Ragnar lost his elasticity as a character. Not completely as Fimmel was still able to command the audience’s attention with his broken character. The value of Ragnar shifted in his final few episodes. As an outgoing lead, Ragnar’s interactions with Ivar eased what is naturally an uncomfortable transition. The second half of season four drastically alters the focus of the series, making Ragnar’s four children with Aslaug main characters.

Keeping Ragnar around would have likely involved the character morphing into the television version of Stannis Baratheon post Battle of the Blackwater (full disclosure: I am a devoted book supporter of Stannis and have published several articles critical of his TV direction). He’d be there on the screen, existing as a shell of himself pining for a future the audience knows isn’t going to happen. Few TV shows succeed when they spend their time reminding audiences of happier seasons. A clean break from the character was much more beneficial to the wellbeing of the show.

Showrunner and writer Michael Hirst deserves a lot of credit for “Crossings,” the first episode of the post Ragnar era. The show still feels like Vikings, even if we’re not entirely sure what direction the show is going to take. We don’t know which characters will be retained, or what role Jonathan Ryers Meyers will play when he joins the show in season five. The show’s relatively high cast turnover rate makes it likely that at least one of Lagertha, Rollo, Floki, or Bjorn will depart in the not so distant future. If “Crossings” serves as any indicator, it’s that the show still has a lot of gas left in the tank.

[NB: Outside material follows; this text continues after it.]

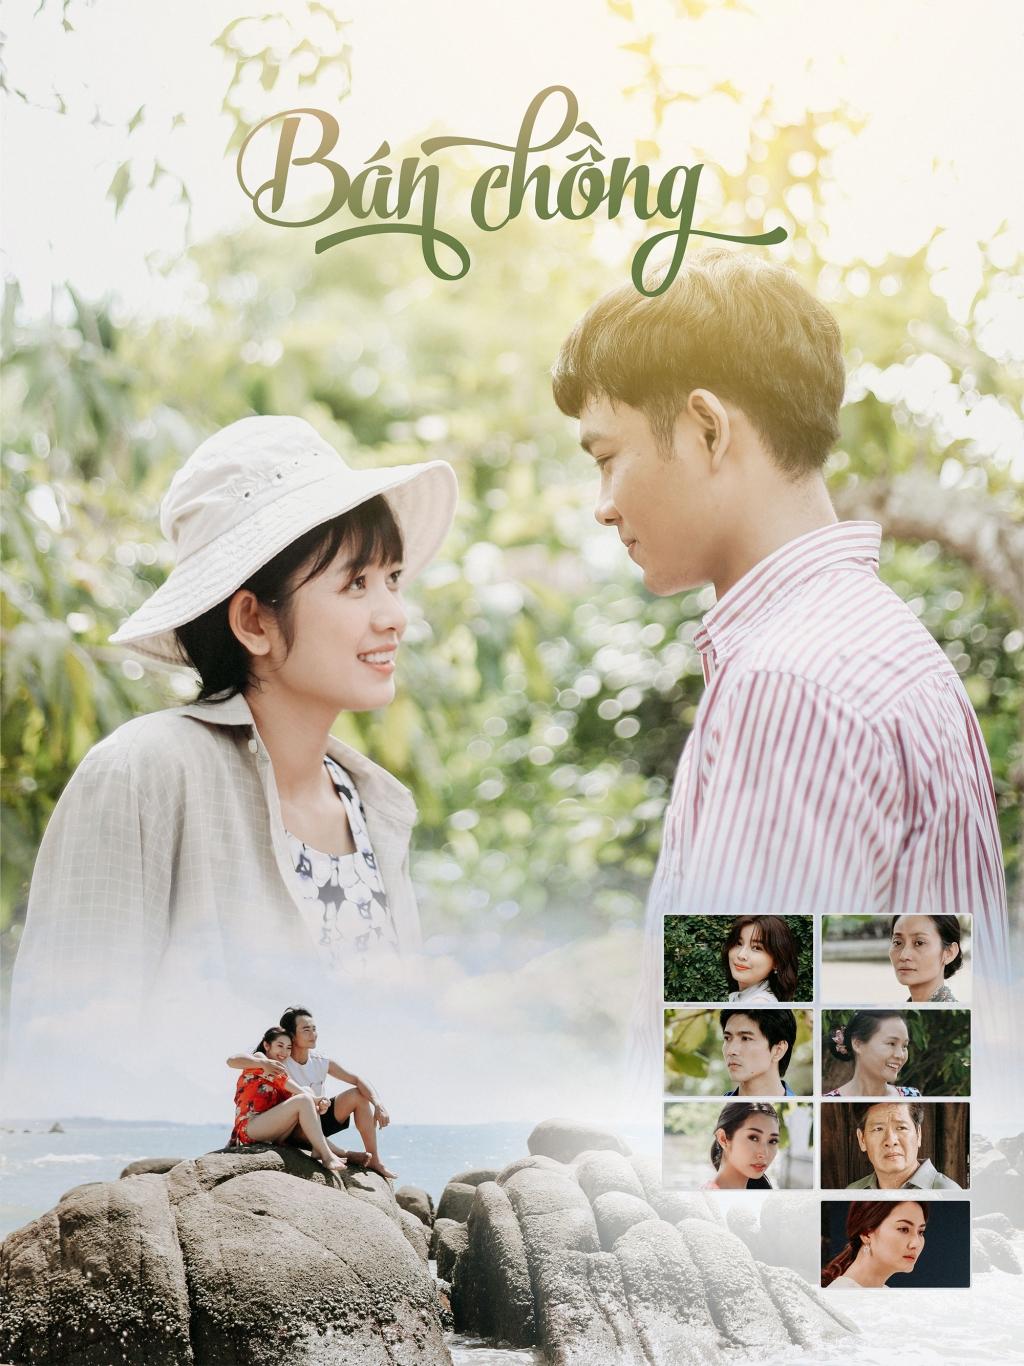 phim truyen hinh ban chong ve chu de gia dinh len song tren kenh vtv3

Shows evolve or they get stale. There’s only so many times you can build up a character and break them down again without the lingering feeling of familiar territory. TV provides entertainment, but also comfort in the sense that the audience gets to spend time with characters they’ve grown attached to at a specific time of the week. Many shows fade with age as the relationship between comfort and entertainment often erodes into a burden.

By killing off Ragnar, Vikings hopes to avoid many of problems that age inflicts upon TV shows. It won’t be as comfortable, more like a longship voyage to Wessex. It’ll be different. That’s why we watched it in the first place.